She'll be wrong, mate

Being a New Zealander isn’t easy. We’re tiny. We’re far away from everything. Nobody can understand our accents:

It gets worse. Apparently, our distinctive vowel sounds – the ones that make “Bret” sound like “Brit”, “Ben” sound like “Bean”, and “Tim” sound like “Tum” – also make it harder for us to read and write. Fairfax Media recently spoke to three literacy experts who explained that most of us learn by sounding out words phonetically, and “New Zealand students have big difficulty differentiating between ‘ay’ and ‘ah’, and ‘e’ and ‘i’”.

This story got me thinking about another phenomenon I’ve observed. This one affects not just Kiwis but also Aussies, Brits and anyone else who speaks with a non-rhotic accent – that is, an accent where r’s aren’t pronounced unless they come before vowels.

The absence of a hard r sound leads to misspellings like “guttered” instead of “gutted” and “unchartered territory” instead of “uncharted territory”. A certain elderly relative of mine offers me a “lozenger”, instead of a lozenge, whenever I have a sore throat. The plural “lozenges” sounds just like “lozengers” in our accent, so it makes sense that she would work backwards and conclude that the singular must be “lozenger”.

What really interests me about these accent-based misspellings is that they go beyond letters on a page – they actually affect the way we see the world.

Take “gutted”. (American readers, this is a slang term meaning devastated, as in, “I was gutted when Flight of the Conchords finished after two seasons.”)

When you say that word, what do you picture?

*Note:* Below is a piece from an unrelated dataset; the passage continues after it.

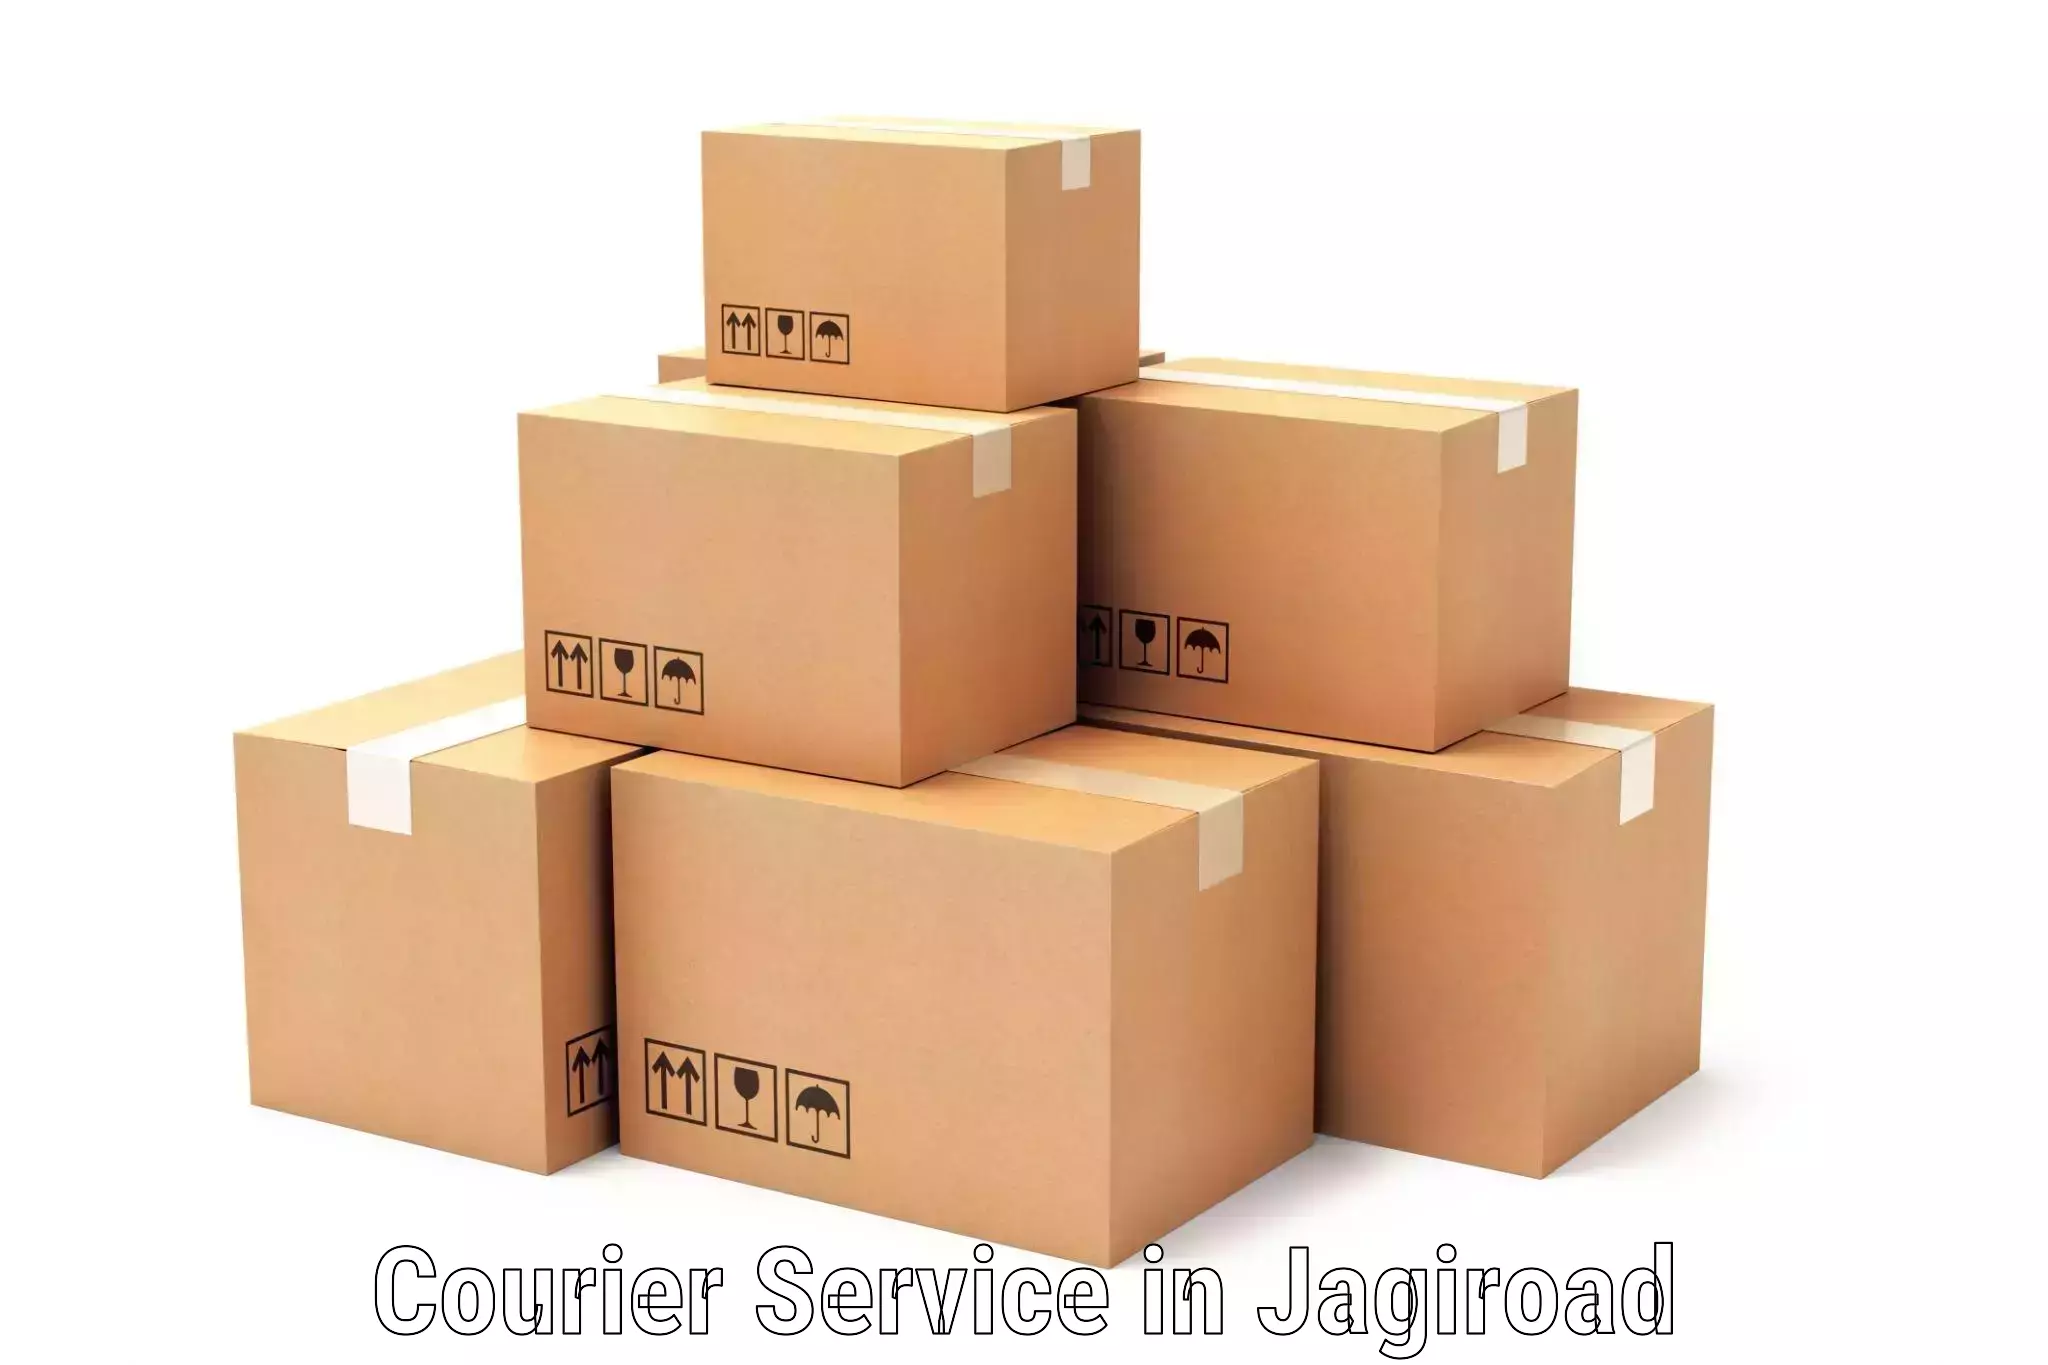 Urban courier service in Jagiroad

If you know the correct spelling is “gutted”, you might associate it with a gutted fish: disemboweled, destroyed, torn apart.

But if you’re one of the many people who misspells it “guttered”, it’s more likely you imagine being thrown into the gutter on the side of the road: discarded, rejected, laid low.

Those two interpretations are similar enough in essence that they’d never result in any real confusion:

TREV: I was so gutted when the All Blacks lost the World Cup.

GAZ: So was I! Wait, how do you spell that word?  

TREV: G-U-T-T-E-D.

GAZ: Oh, OK, I spell it G-U-T-T-E-R-E-D. Guess we didn’t feel the same after all.

But, still, I find it fascinating that our accents – and our consequential spelling mistakes – can actually change our understanding of certain words and ideas.